§ **What the task asks**:
Find the line containing "Η Θεά Αφροδίτη, ο" in the entries below. Reproduce that line and each one after it to the end, exactly, with no other lines.

[Records from a collection]

§ §

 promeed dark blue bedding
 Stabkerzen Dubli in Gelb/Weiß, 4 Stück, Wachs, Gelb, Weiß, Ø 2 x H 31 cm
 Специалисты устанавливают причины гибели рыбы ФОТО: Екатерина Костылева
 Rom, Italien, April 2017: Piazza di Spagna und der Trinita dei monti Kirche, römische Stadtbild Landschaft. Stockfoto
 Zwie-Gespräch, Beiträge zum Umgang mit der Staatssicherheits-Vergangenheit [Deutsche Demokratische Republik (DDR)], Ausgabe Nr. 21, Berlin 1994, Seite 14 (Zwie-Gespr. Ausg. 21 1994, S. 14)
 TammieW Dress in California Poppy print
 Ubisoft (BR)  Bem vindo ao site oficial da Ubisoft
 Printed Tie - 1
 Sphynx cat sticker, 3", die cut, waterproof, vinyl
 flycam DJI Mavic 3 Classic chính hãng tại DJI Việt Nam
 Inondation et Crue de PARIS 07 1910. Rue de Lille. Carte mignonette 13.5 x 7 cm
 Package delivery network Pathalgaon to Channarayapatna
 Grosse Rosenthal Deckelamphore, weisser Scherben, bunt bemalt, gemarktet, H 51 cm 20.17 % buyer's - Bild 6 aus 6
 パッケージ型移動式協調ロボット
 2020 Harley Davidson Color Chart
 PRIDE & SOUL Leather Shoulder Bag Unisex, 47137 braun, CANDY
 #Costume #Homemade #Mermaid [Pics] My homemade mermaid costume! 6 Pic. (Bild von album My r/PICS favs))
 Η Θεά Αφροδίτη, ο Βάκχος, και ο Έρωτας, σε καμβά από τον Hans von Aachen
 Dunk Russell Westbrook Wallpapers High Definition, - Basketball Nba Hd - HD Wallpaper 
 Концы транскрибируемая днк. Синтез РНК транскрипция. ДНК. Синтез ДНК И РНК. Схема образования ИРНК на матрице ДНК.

§ §

§ **Exercise response**:
 Η Θεά Αφροδίτη, ο Βάκχος, και ο Έρωτας, σε καμβά από τον Hans von Aachen
 Dunk Russell Westbrook Wallpapers High Definition, - Basketball Nba Hd - HD Wallpaper 
 Концы транскрибируемая днк. Синтез РНК транскрипция. ДНК. Синтез ДНК И РНК. Схема образования ИРНК на матрице ДНК.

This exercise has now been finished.